Ручкин подробно, с четкостью милицейского протокола изложил события, о которых предлагал написать в газете.
Кисляк слушала внимательно, ни разу не перебив рассказчика. Только когда он окончил, спросила:
— Если это не Вадим Васильев, то кто же убийца? Вы его не назвали. Я понимаю, в умолчании вся прелесть детектива, но в конце повествования имя преступника должно быть названо.
— Это Игорь Немцев. Сын губернатора. Сейчас он скрывается под девичьей фамилией матери и имеет паспорт на имя Игоря Мещерского.
Кисляк твердым мужским жестом задушила сигарету, прижав ее к пепельнице. Поджала губы. Подумала.
— Сволочь он, подонок! — Оценка прозвучала с предельной откровенностью. — Но, Василий Иванович, можете меня презирать, можете даже убить, только от предлагаемой публикации я вынуждена отказаться.
Прямота ответа поразила Ручкина. Он понял: его надежда на прессу рухнула. Единственный человек, который мог поднять голос в защиту Вадима Васильева, открыто испугался предложенной ему роли разоблачителя.
— Вы боитесь? — Ручкин хотел сказать «боитесь губернатора», но последнего слова не произнес. Оно и без того подразумевалось.
— Боюсь, но это сложнее, чем вы подумали.
— Что значит сложнее?
— Это со стороны кажется, что пресса может все, потому что ей позволено поступать по своему усмотрению. Но нам-то собственные возможности известны лучше. Есть потолок, выше которого газете не разрешено прыгать. И мы не прыгаем. Сегодня, к примеру, главный дал команду втюхать фельетон о председателе правления общества глухих Смальце. Этот болван написал инструкцию для аппарата правления. В ней указал, что любая критика сотрудниками действий председателя — это нарушение трудовой дисциплины. Могу заверить, что наш сотрудник вволю попляшет вокруг этой глупости. Теперь учтите, если бы подобное распоряжение написал губернатор или наш любимый мэр, мы бы подобный факт в упор не заметили.

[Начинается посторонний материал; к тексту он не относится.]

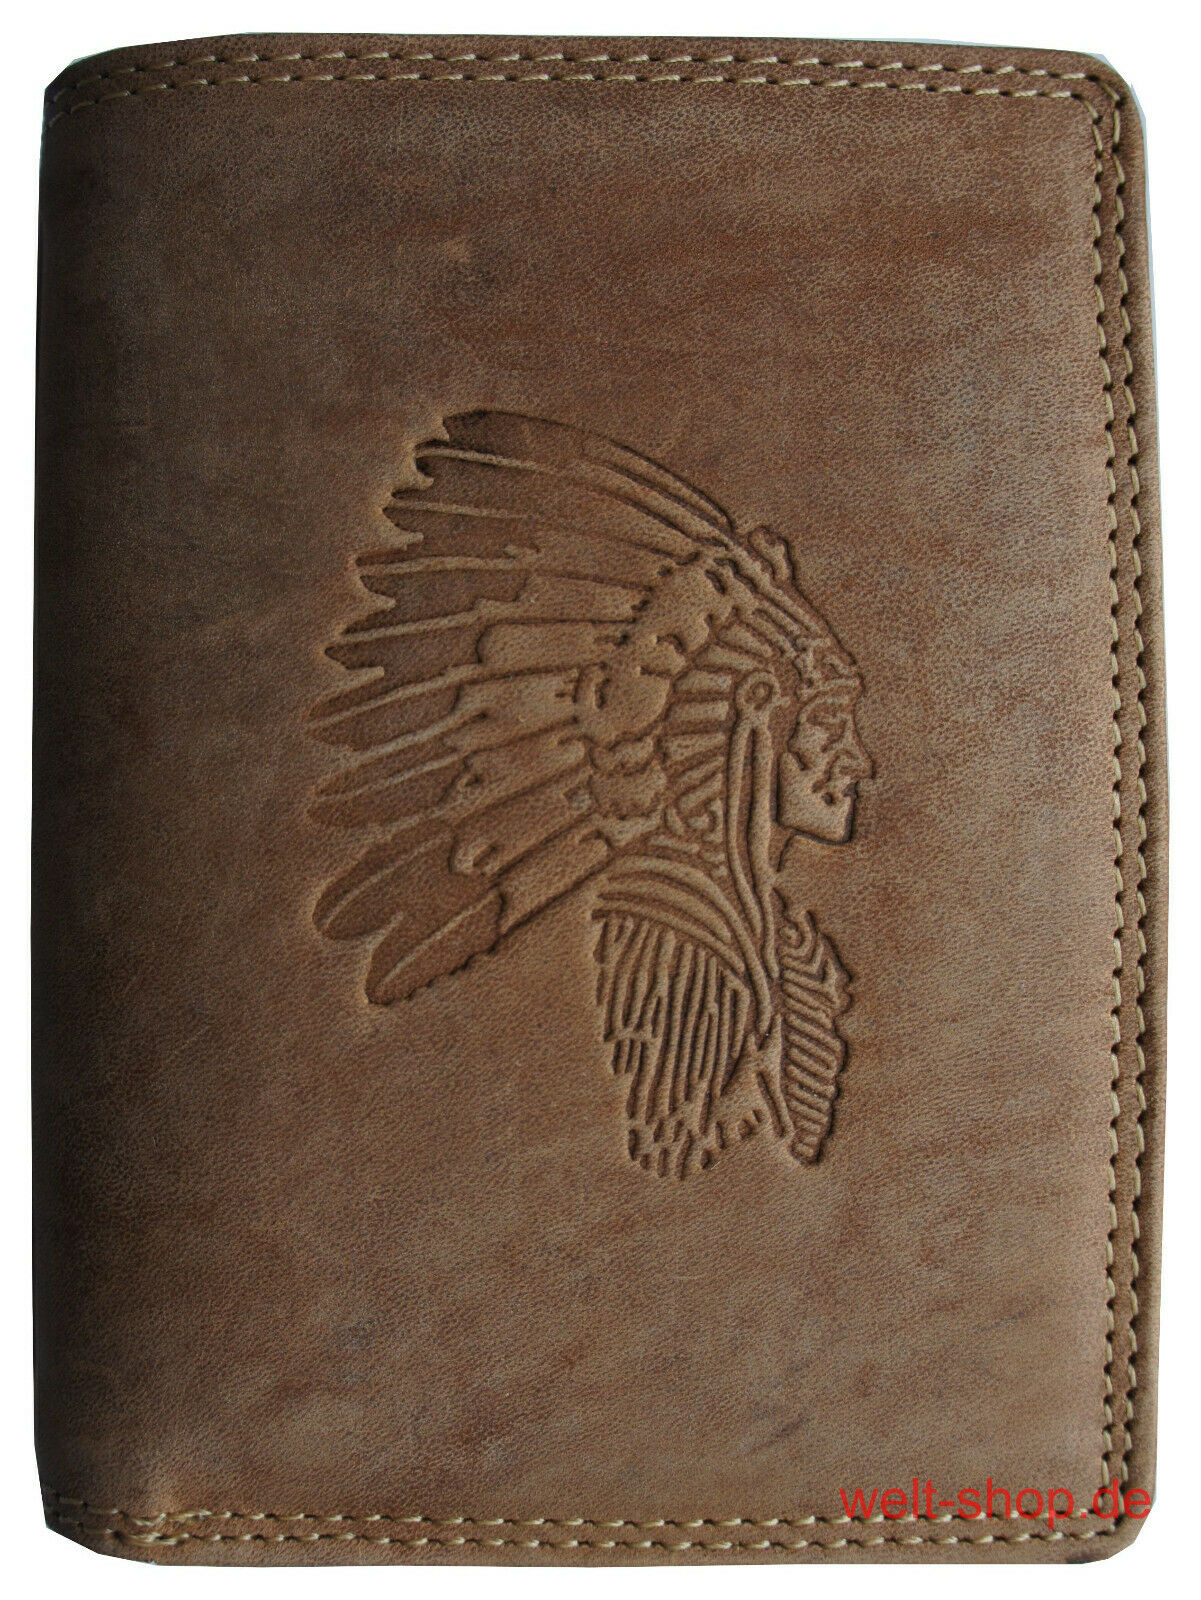 Hochwertige Geldbörse Geldbeutel Portemonnaie Büffel Leder Indianer Börse RFID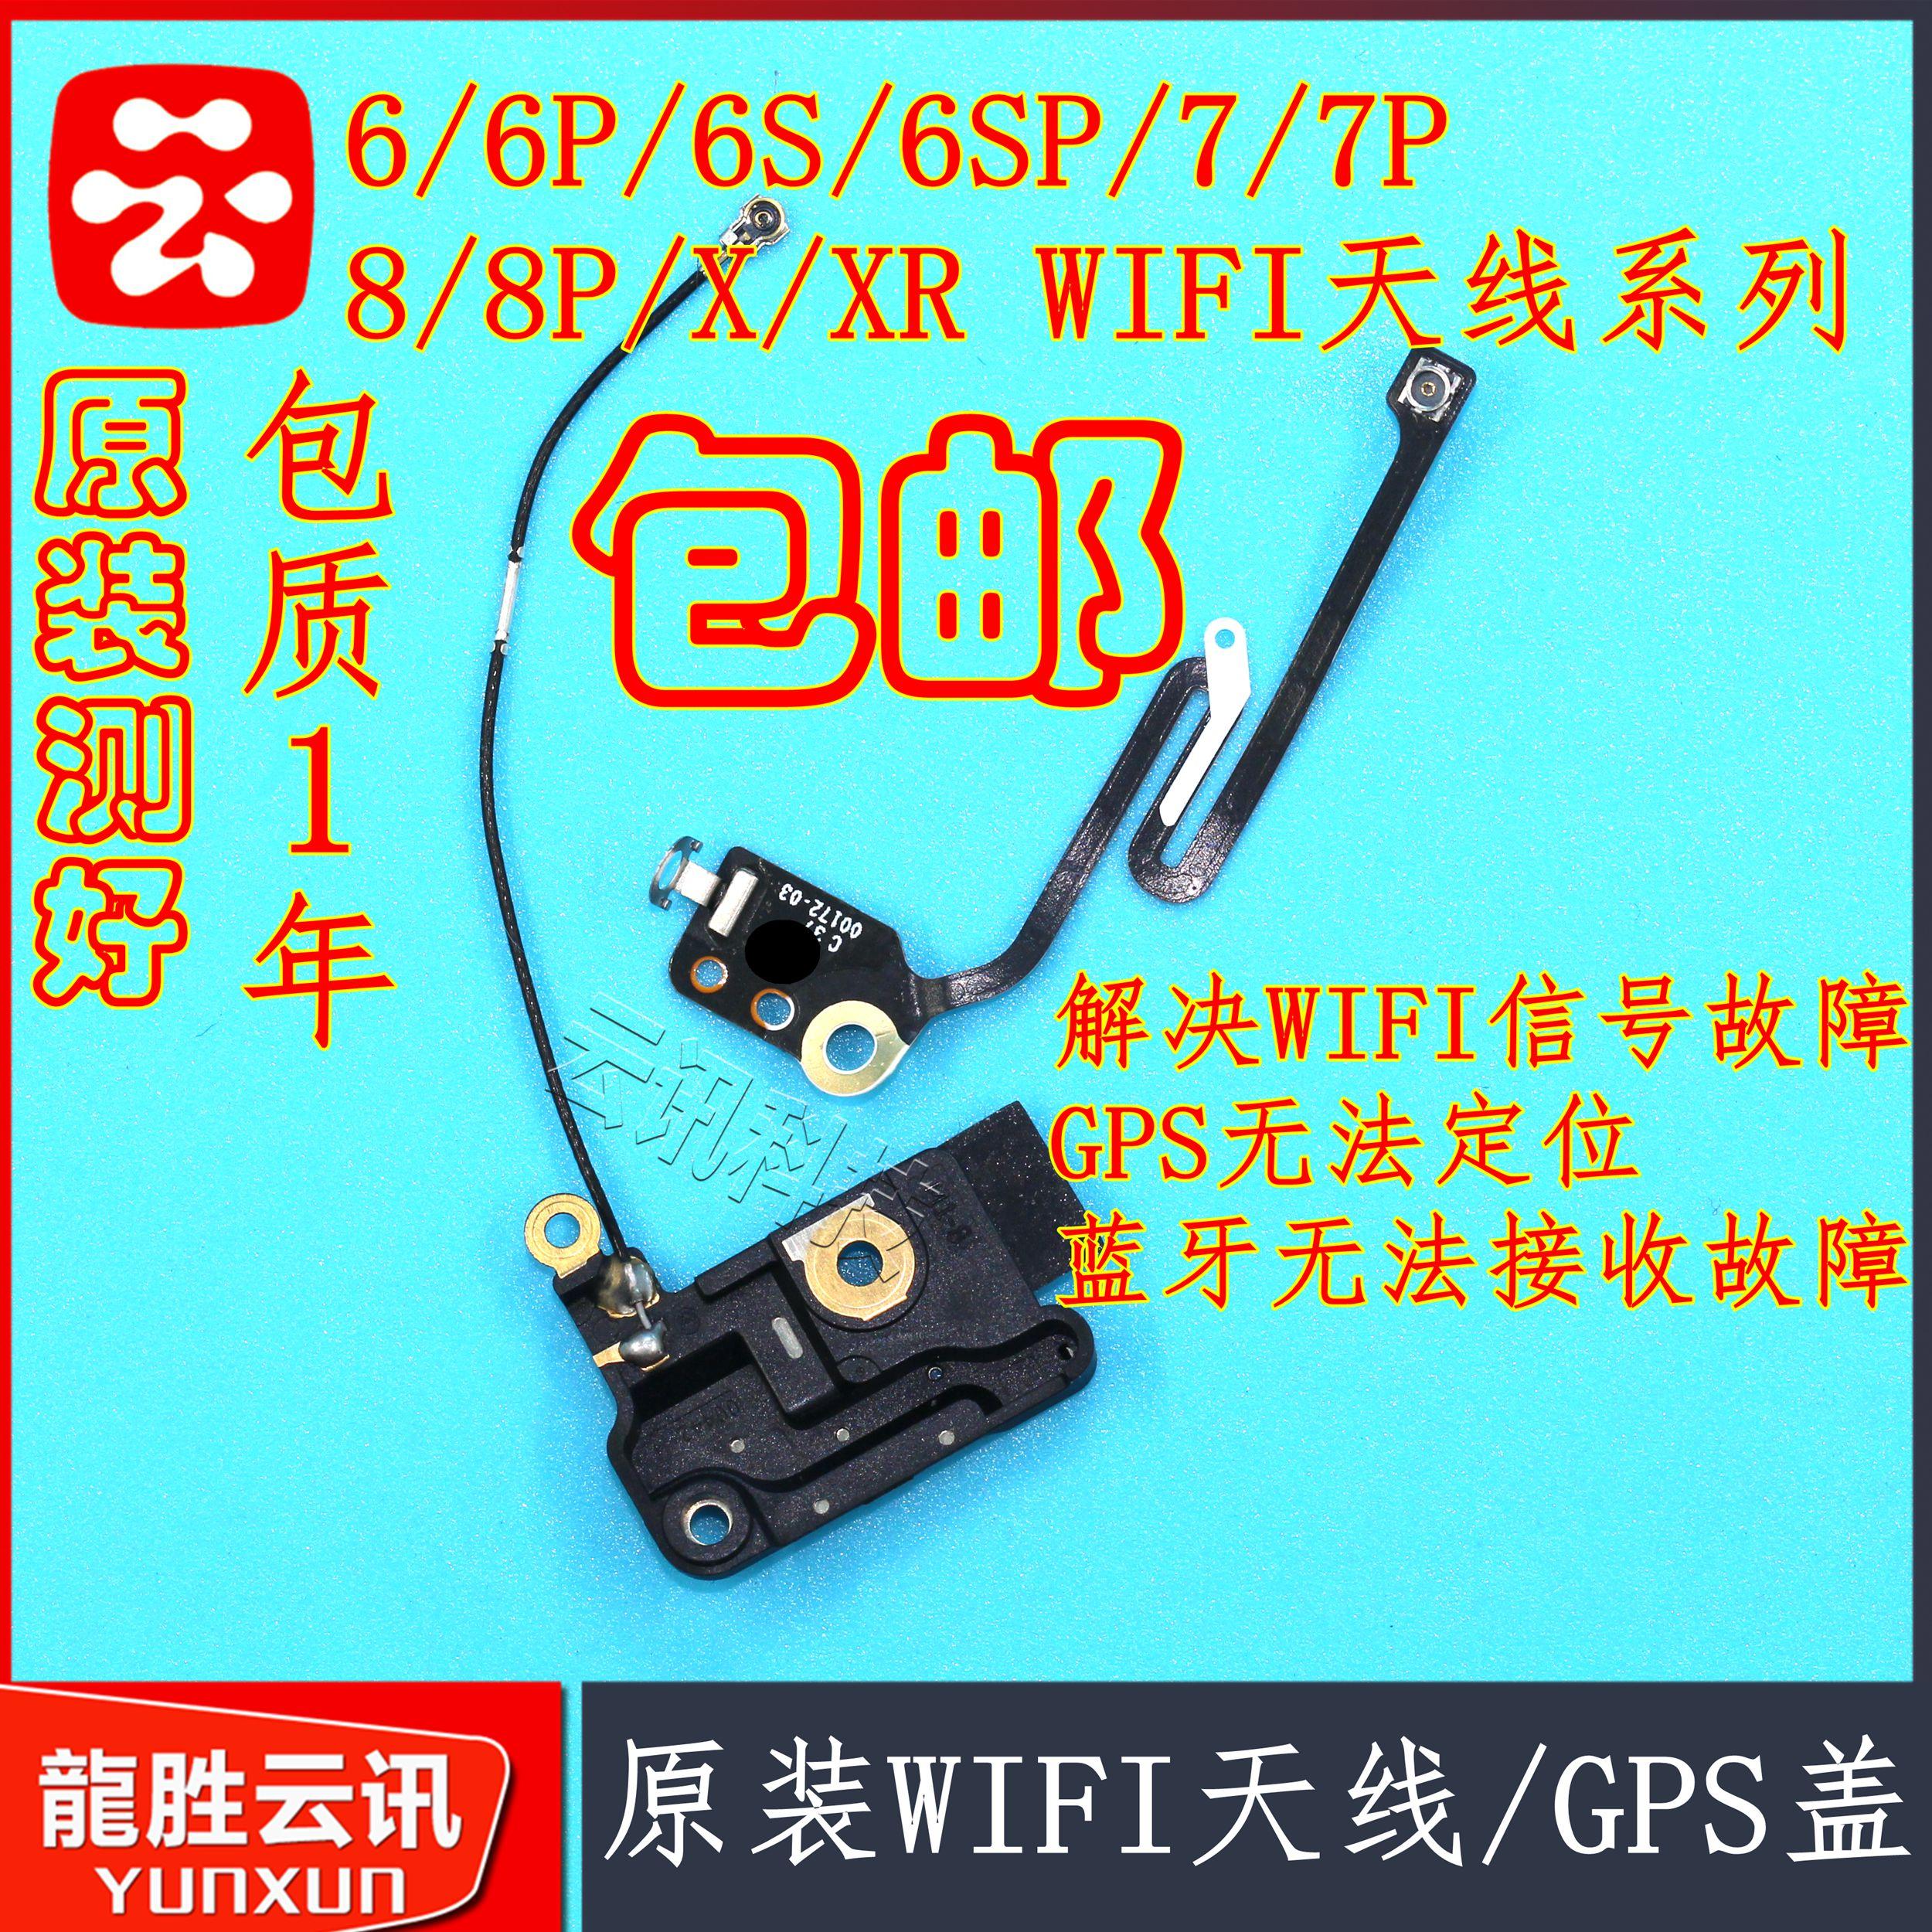 蘋果6代 6plus wifi天線 7代8代 X 6P 6S 6SPwifi蓋wifi線 天線蓋

— Однако вы даже президента страны щиплете за пятки. И ничего.
— Вы слыхали, кто такой господин Сагитов?
— Немного.
— Так вот, мы щиплем президента, как вы сказали, ровно в той мере, в какой им бывает недоволен господин Сагитов.
— Он что, — Ручкин изумленно смотрел на Кисляк, — ваш начальник?! Вот не слыхал!
— Он больше, чем начальник. Он наш хозяин. Мы все еще по привычке говорим: «наша газета». А на деле она его. И те, кто тут работают, живут его милостью.
— Но вы же так смело бомбите коррупцию. Бьете всяческий криминал. Как же это можно, если над вами кто-то стоит?
— Над нами, Василий Иванович, стояли и будут стоять всегда. Раньше — обком партии. Теперь хозяин. Уйдет один, найдется другой. Нас могут продать, закрыть, что угодно…
— Неужели Сагитов читает все, что вы собираетесь дать газете?
— Нет, для этого есть главный редактор. Он один точно знает, что Сагитову угодно, что — нет.
— А если все же попробовать?
— Не имеет смысла. Идти на диких зверей с холостыми патронами — это не проявление смелости. Это — безрассудство. Если угодно — глупость.
— Мы все же живем не в джунглях. Раскрывая глаза людям на правду, вы создаете общественное мнение. Ваши статьи, как взрыв, привлекают внимание общества. Будоражат его. Заставляют думать. Бороться…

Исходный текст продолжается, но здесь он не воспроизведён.